In back of the yellow, Blue Bird school bus, members of the Whitefish High School wrestling squad lay sprawled across the vinyl bench seats, their legs slack and spent, dangling in the aisle as they dozed or chatted idly, cobbling together last-minute Saturday night plans.

It was Jan. 21, 1984, and the Bulldogs were returning from an afternoon dual in Browning. Driving through the winter darkness, bus driver Jim Byrd, a well-known Columbia Falls resident with 59 nieces and nephews, negotiated the narrow, snow-choked corridor of U.S. Highway 2, a two-lane, 94-mile stretch of winding road between Browning and Whitefish that tracks along the Middle Fork of the Flathead River, skirts the southern border of Glacier National Park and, at its zenith, tops out on the Continental Divide and Marias Pass, at an elevation of 5,216 feet.

It was around 6:30 p.m. and the bus was 20 miles east of West Glacier, homeward bound.

A blizzard had been steadily spitting flakes throughout the day, covering the valley in a slippery vale of winter white. Before departing from Browning, the team stopped at Teeple’s IGA grocery store for snacks and to discuss the possibility of spending the night or waiting out the storm. Crossing Marias Pass would be dicey, but probably passable, they reasoned; everyone was eager to return home and sleep in their own beds.

“We were nervous about the roads. We knew when we left that it would be tense, but it was a collective choice we made to go home. It was a team decision,” recalls Steve Osborne, a junior at the time. “Being high school kids, you don’t stress about it too much. You just sit back and start yakking.”

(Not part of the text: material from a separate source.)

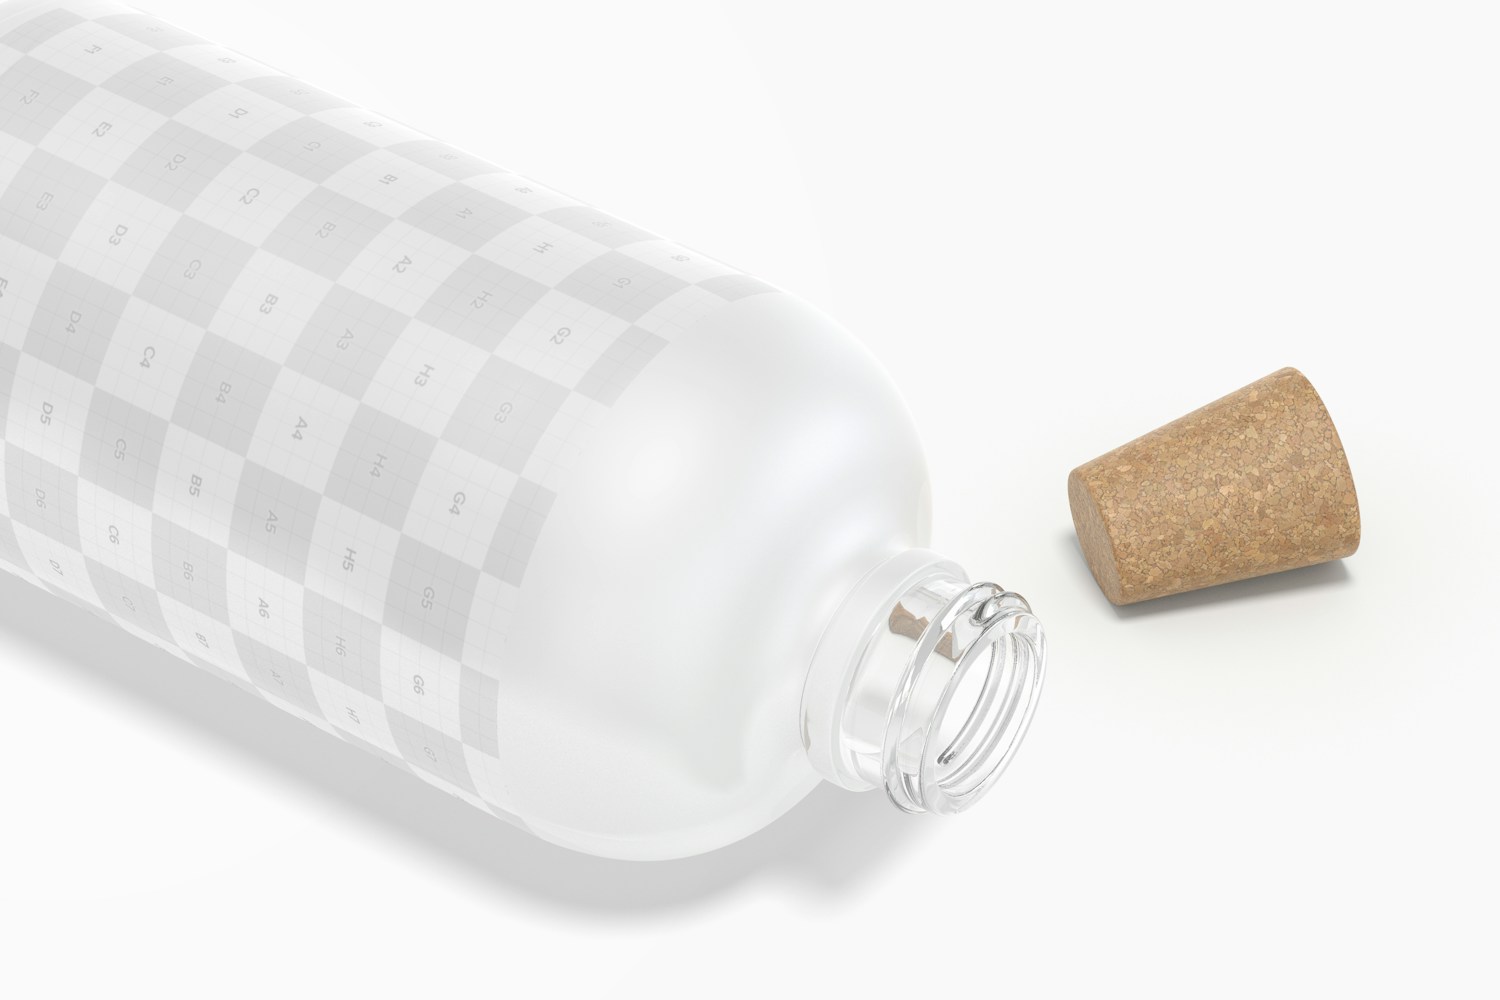 Frosted Glass Bottle with Cork Mockup, Close-Up

Back in Whitefish, the annual Winter Carnival was underway and the festive royal coronation was slated for that evening. The Whitefish High School basketball team was playing a home game against Deer Lodge.

At the front of the bus, members of the cheerleading squad gossiped while two girls hatched tentative plans to see a movie when the team returned to town; “Hot Dog … The Movie,” the iconic ‘80s ski comedy, had just been released.

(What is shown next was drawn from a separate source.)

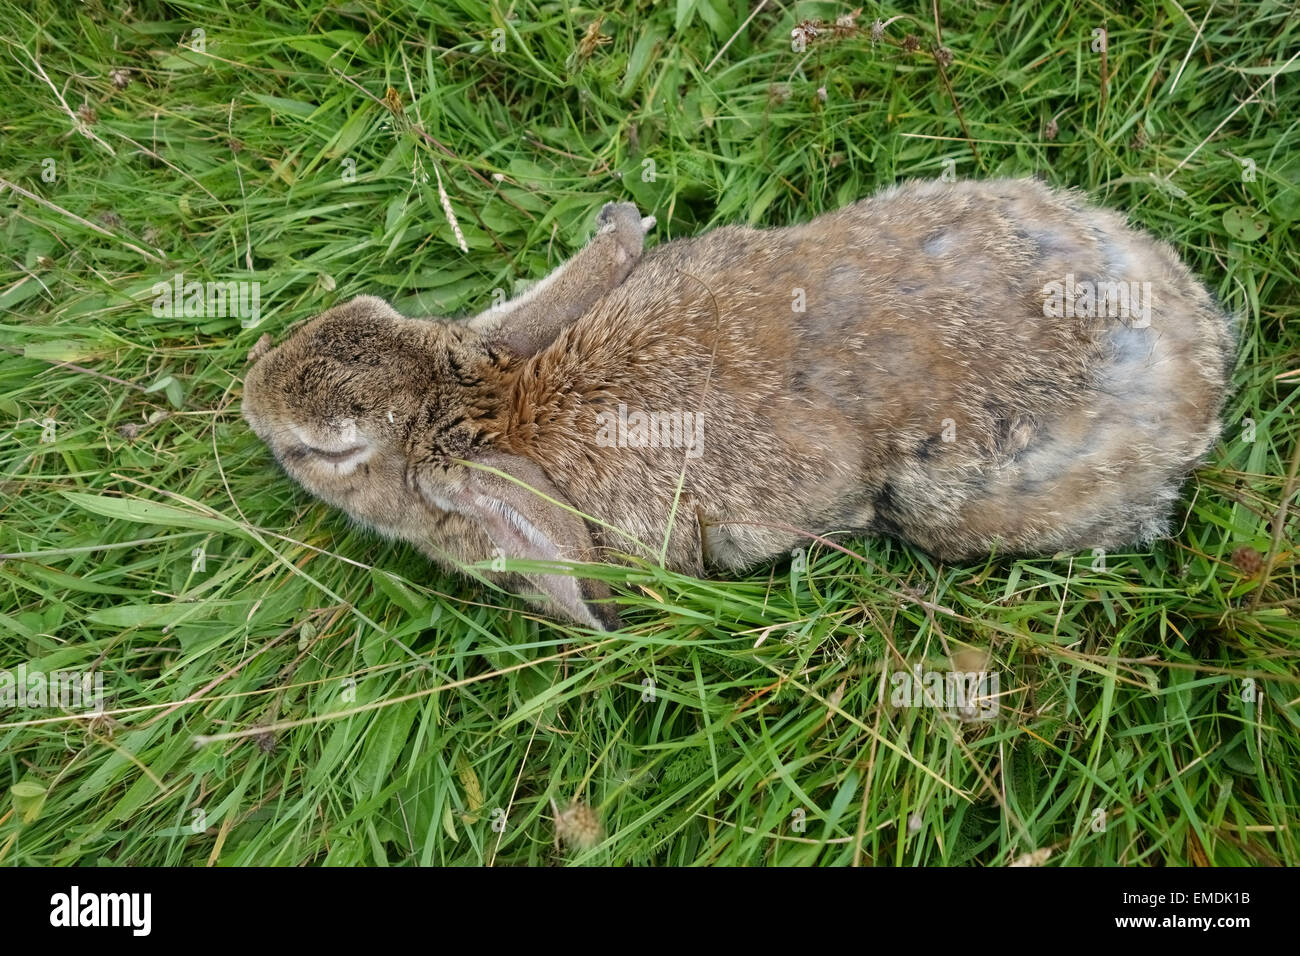 A European rabbit severely affected by myxomatosis inert with swollen eyes Stock Photo

The upper-classmen had taken over the back of the bus, and Scott Norby, a junior, 165-pound heavyweight seated in one of the last rows, figured he and some friends might hang out downtown that night, maybe go for a drive.

“We were all just doing what kids do. We were in the back and everyone had their own seat. I was taking up a whole bench seat, sitting with my back against the window with my feet hanging out into the aisle,” Norby recalled. “We were telling jokes and screwing around. Everyone was asking each other what they were going to do when they got back to Whitefish. ‘Are you going home or are we going to cruise around?’ It was Saturday night.”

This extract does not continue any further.